# Air Zenith Ob2 Relay Problems



## 03_uni-B (Sep 6, 2005)

So I am having some troubles with my system.

Installed just prior to SoWo and we problem free till just about 2 weeks ago. The AZ relay is causing some problems, first the compressor will stay on, running past my preset of 150psi, then the Elevel will go crazy kicking on and off. So for temporary measures I only plug the relay in when I need to fill the tank.


Also I have noticed this doesn't seem to happen all the time, I thought I had the problem fixed when I replaced the relay and went 3-4 days without issue then it happened again and the compressor kicked on randomly, the elevel restarted etc. 


Any ideas of the problem?


----------



## 03_uni-B (Sep 6, 2005)

I have it wired exactly like this. 










Only difference is I am only running 1 ob2.


----------



## Buck Russell (Feb 24, 2003)

How are your grounds wired?


----------



## 03_uni-B (Sep 6, 2005)

Buck Russell said:


> How are your grounds wired?


I'll give you a shout today if work doesnt get too out of hand.


But the one off the manifold harness and the on off the ECU both ground off the manifold like in that picture. Then the compressor and relay ground both go to that body ground on the inside of the rear quarter.


----------



## MechEngg (Jan 13, 2009)

Did you ground the manifold block itself to the frame?
Low voltage sometimes causes the ecu to start tripping out and will act like you just hooked up the battery (short compressor on stint for half second)


----------



## 03_uni-B (Sep 6, 2005)

MechEngg said:


> Did you ground the manifold block itself to the frame?
> Low voltage sometimes causes the ecu to start tripping out and will act like you just hooked up the battery (short compressor on stint for half second)


Thinking through it the manifold is mounted to the EXO mount which is mounted to the rear parcel shelf. Interestingly enough I pull the relay and operate normally without the compressor and havent had a problem with Elevel. So that's why I keep coming back to the compressor and relay.


----------



## MechEngg (Jan 13, 2009)

03_uni-B said:


> Thinking through it the manifold is mounted to the EXO mount which is mounted to the rear parcel shelf. Interestingly enough I pull the relay and operate normally without the compressor and havent had a problem with Elevel. So that's why I keep coming back to the compressor and relay.

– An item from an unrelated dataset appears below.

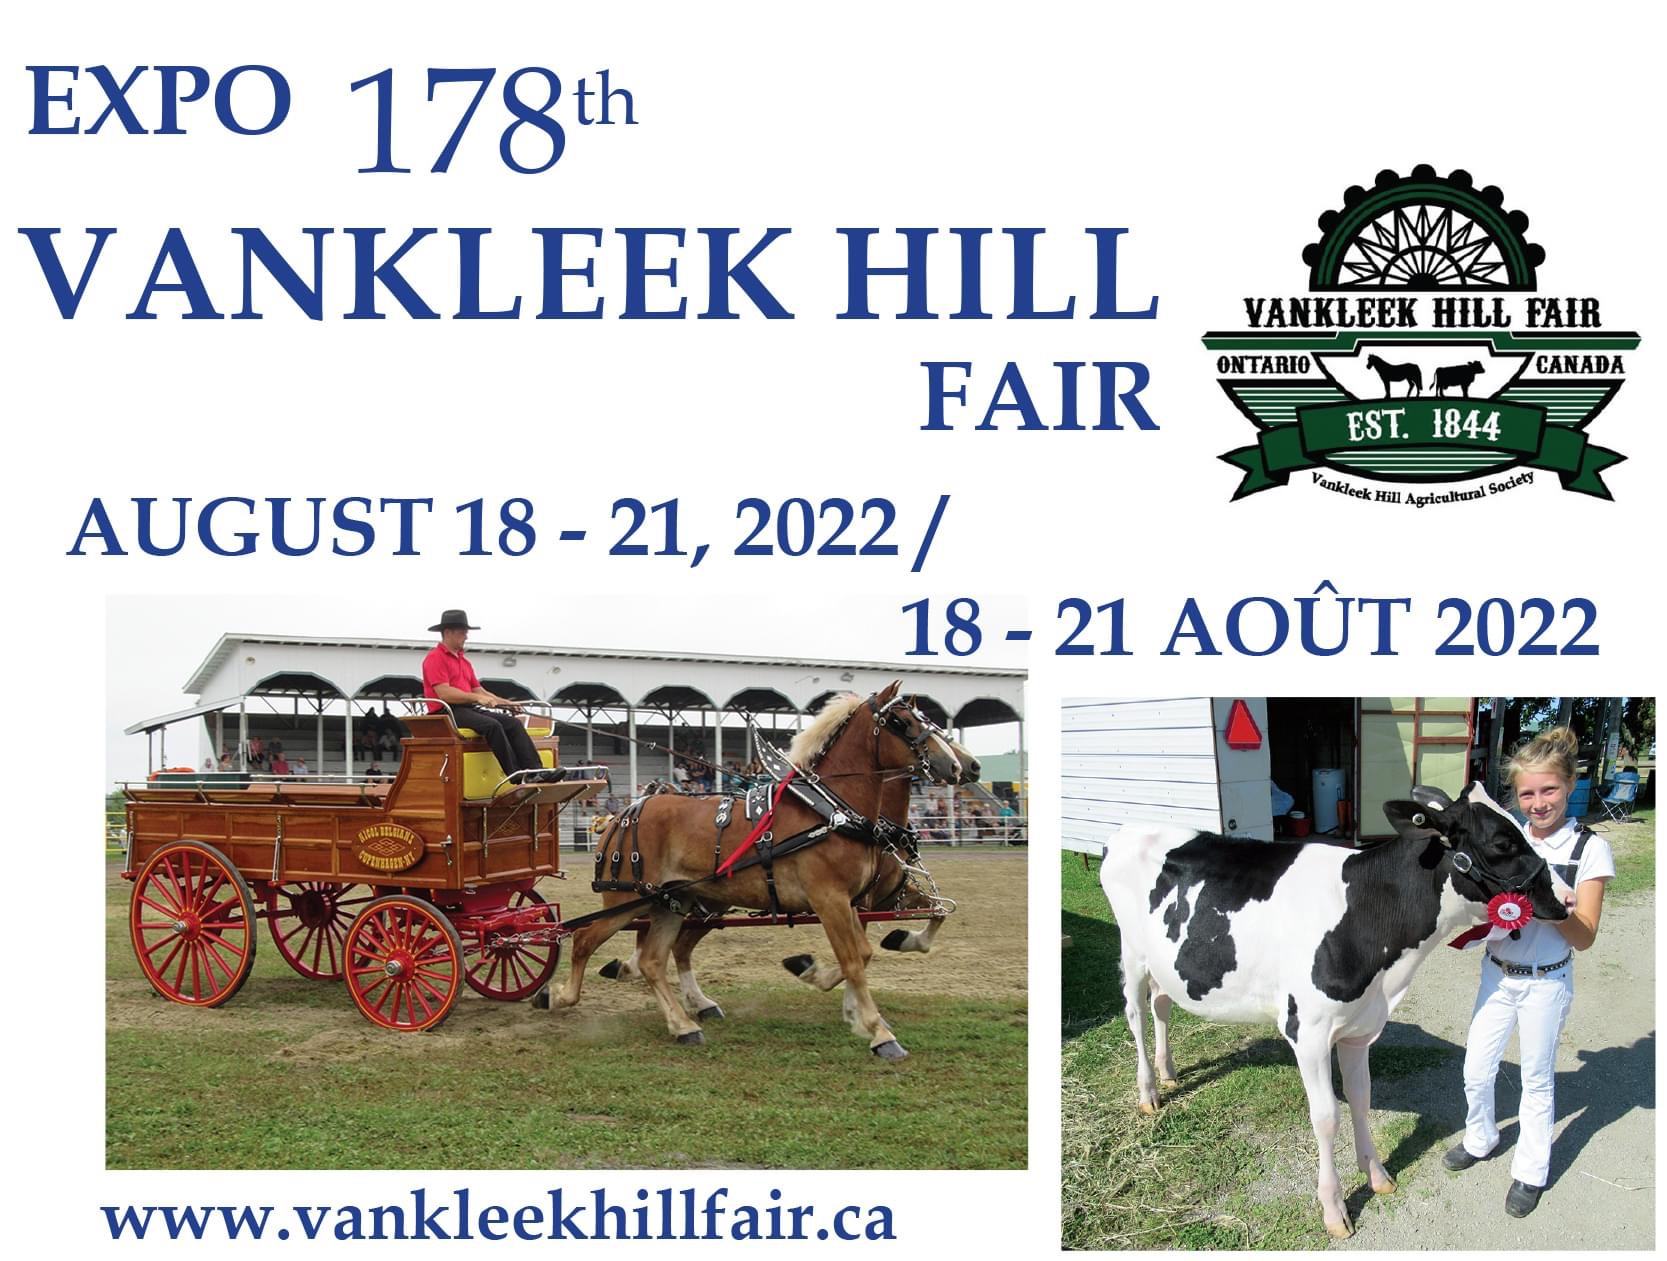 The 178th Annual Vankleek Hill Fair The Review Newspaper

Did you scratch the paint off of both the EXO mount and the parcel shelf? That might be causing the glitching and the de-powering of the ECU circuit which could in turn be turning the ECU on and off. Intermittent grounding is one of the hardest things to find


----------



## 03_uni-B (Sep 6, 2005)

MechEngg said:


> Did you scratch the paint off of both the EXO mount and the parcel shelf? That might be causing the glitching and the de-powering of the ECU circuit which could in turn be turning the ECU on and off. Intermittent grounding is one of the hardest things to find


I am going to just lengthen those grounds and run them to that body ground. If that fixes the problem with the compressor/relay I'll be perplexed. But worth a try for sure. Just strange because without the relay (disconnecting the compressor basically) I haven't had any troubles with Elevel. And I ran for ~3 months without issue, until now.


----------



## VirginiaBeachA4 (Mar 15, 2009)

If the ground is not strong enough, it acts as a resistance. Think of it like traffic on a four lane highway, then just becomes a two lane highway. Unplugging the compressor reduces the load on the circuit and the elevel doesn't need much amperage to operate.


----------